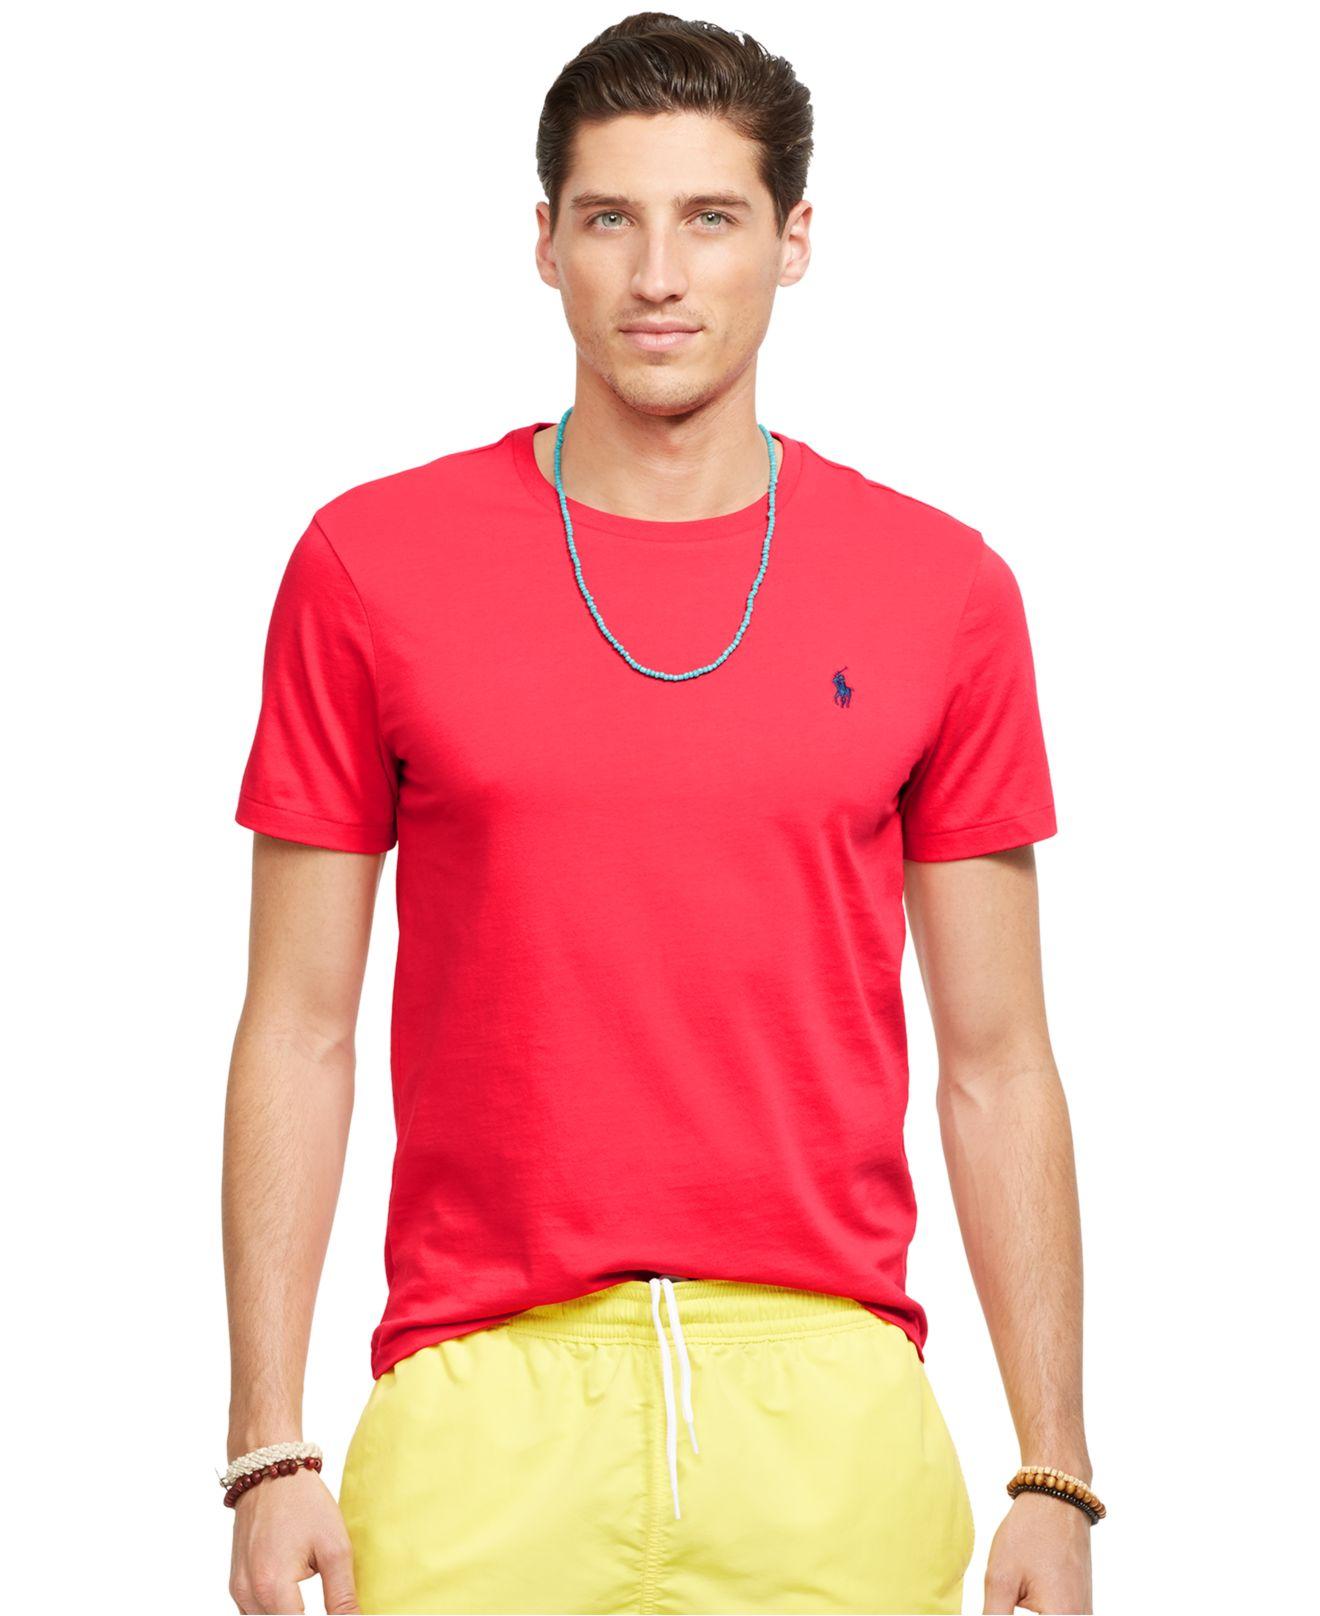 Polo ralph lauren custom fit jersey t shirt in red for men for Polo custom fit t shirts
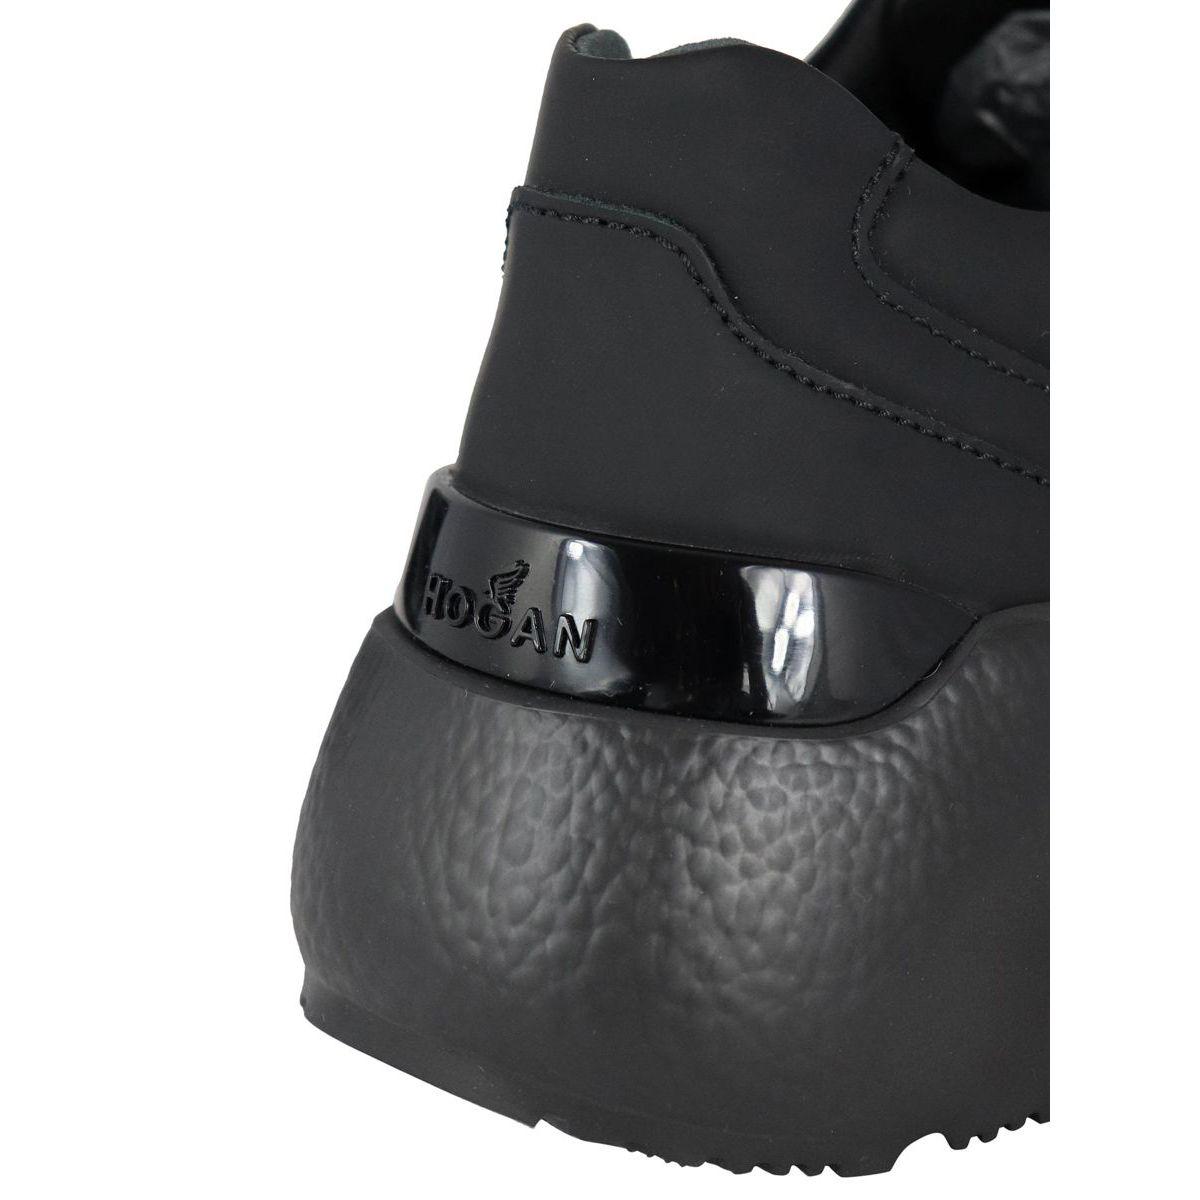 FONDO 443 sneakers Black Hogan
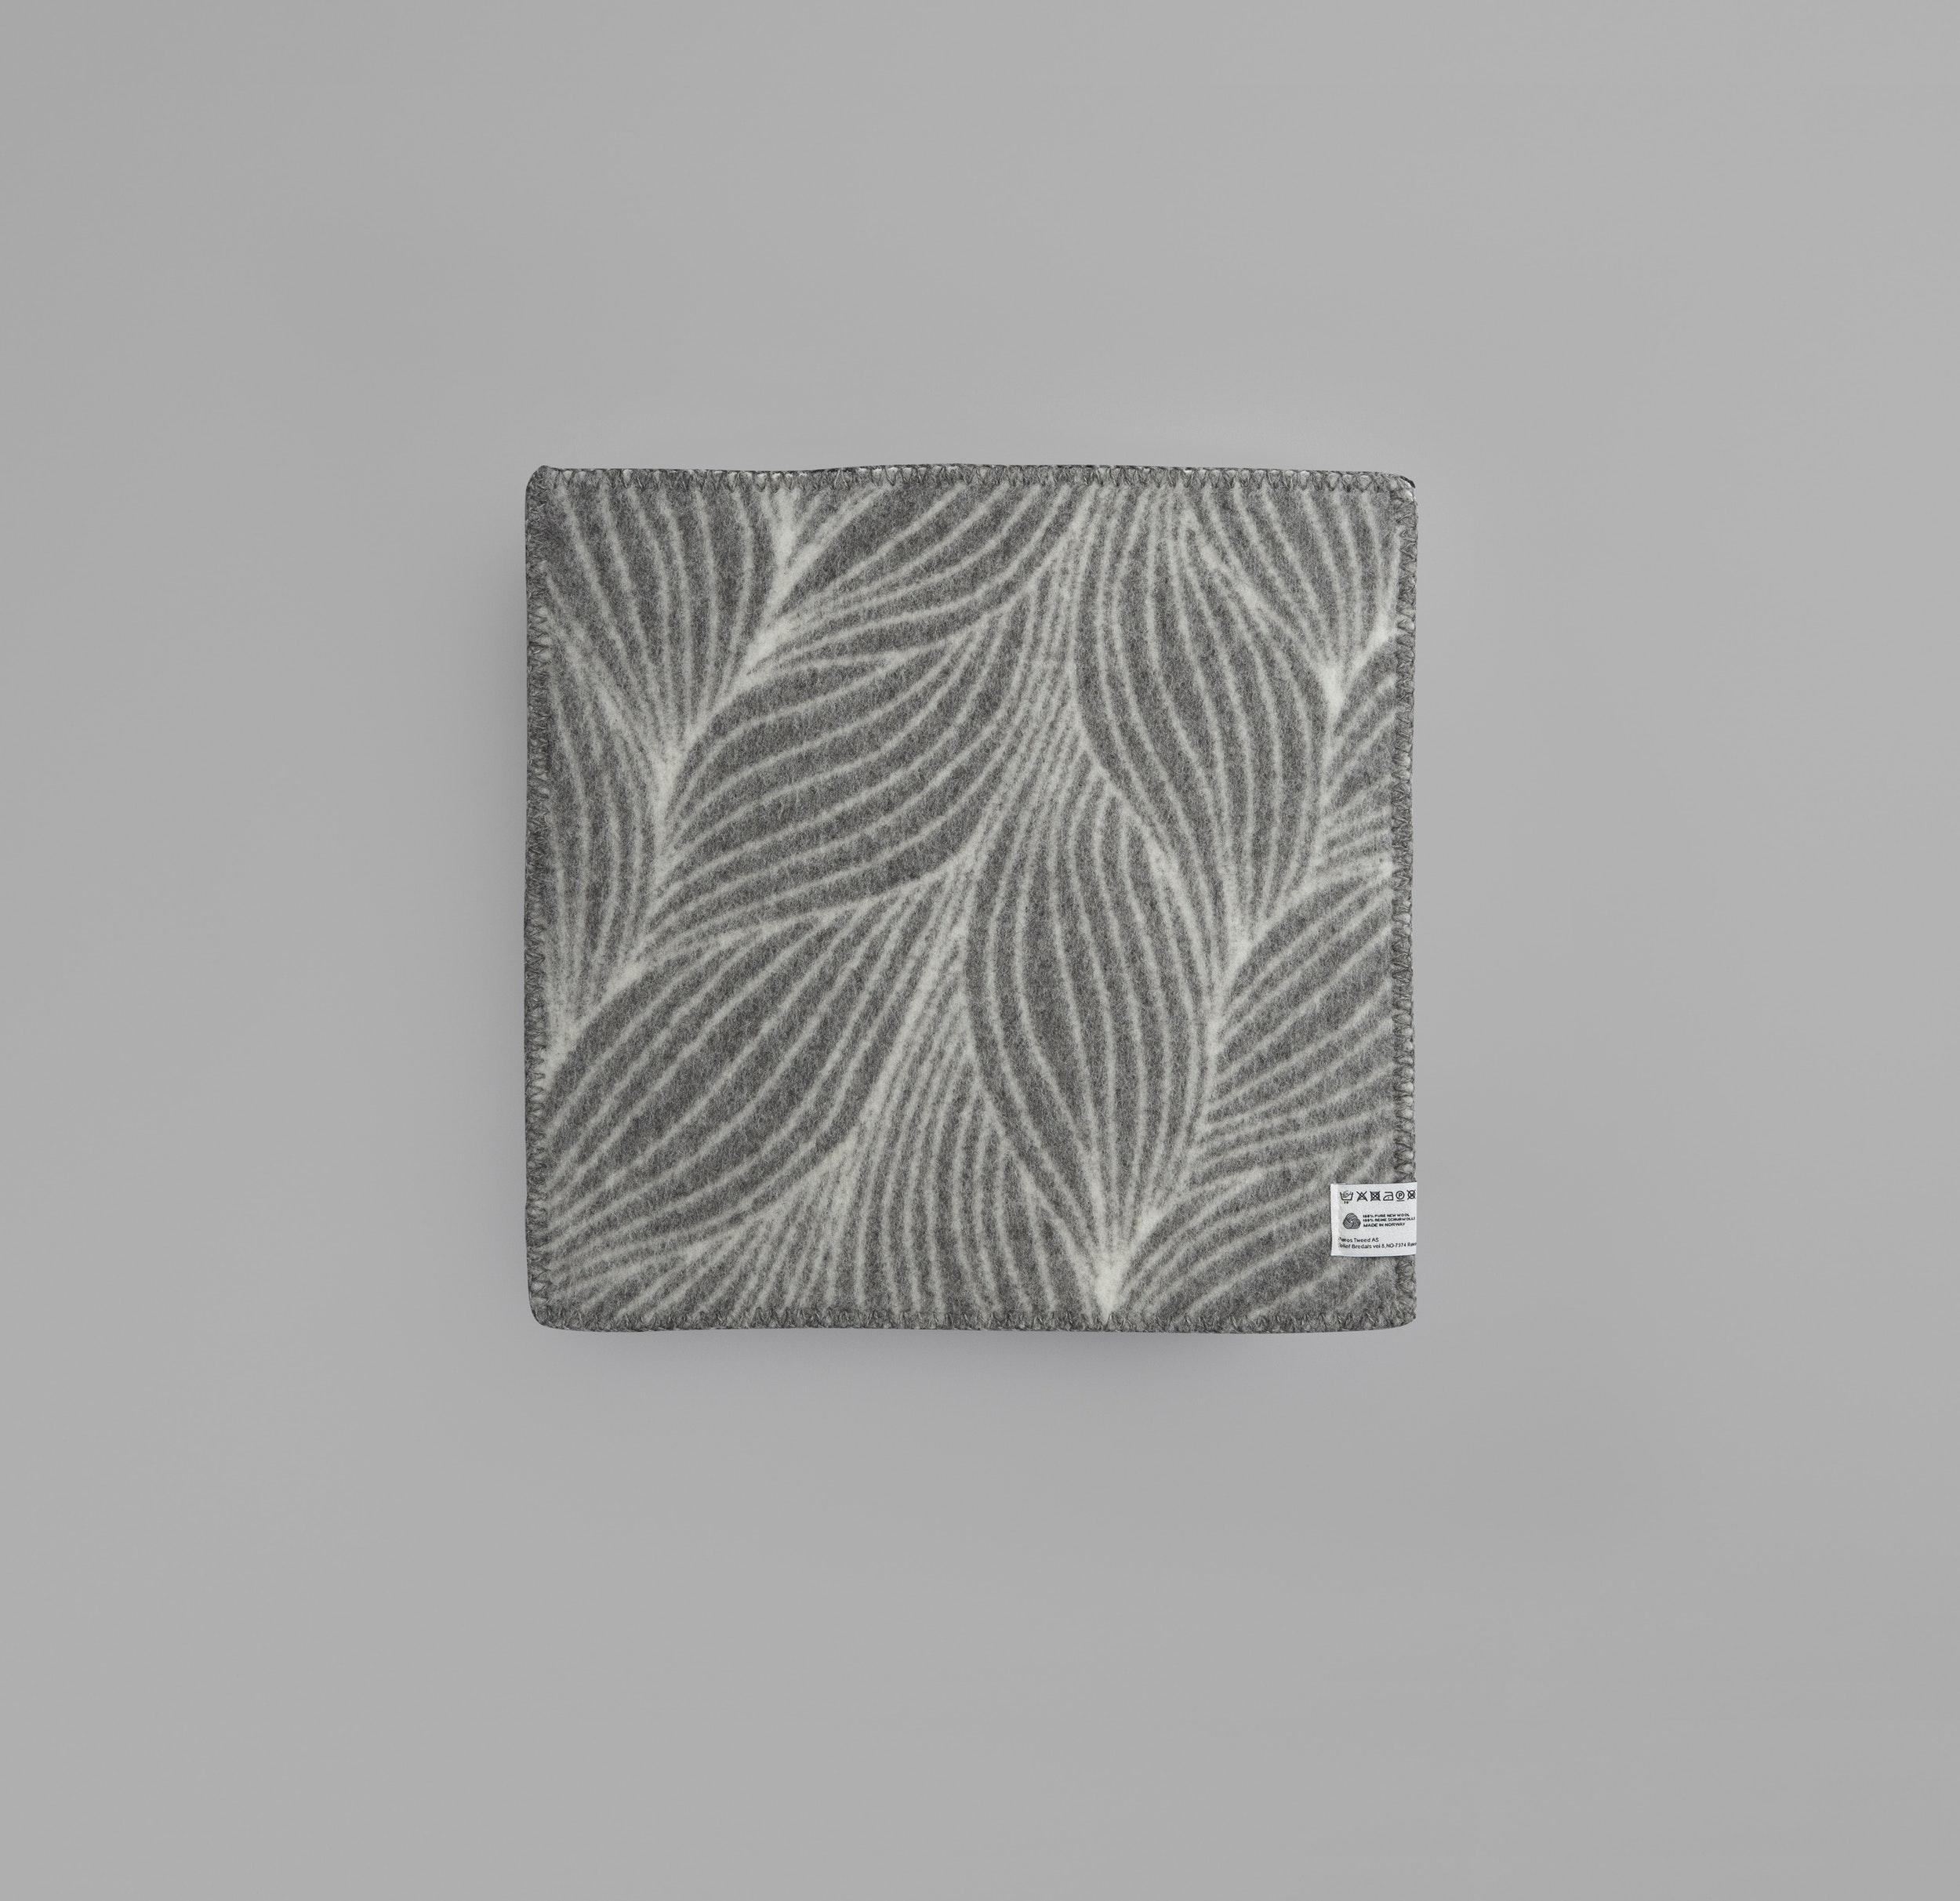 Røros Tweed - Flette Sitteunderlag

☆ ☆ ☆

WHAT YOU HAVE TO DO:
Without any pictures, repeat the listing exactly.

FINISHED TASK:
 Polo ralph lauren custom fit jersey t shirt in red for men for Polo custom fit t shirts
 FONDO 443 sneakers Black Hogan
 Røros Tweed - Flette Sitteunderlag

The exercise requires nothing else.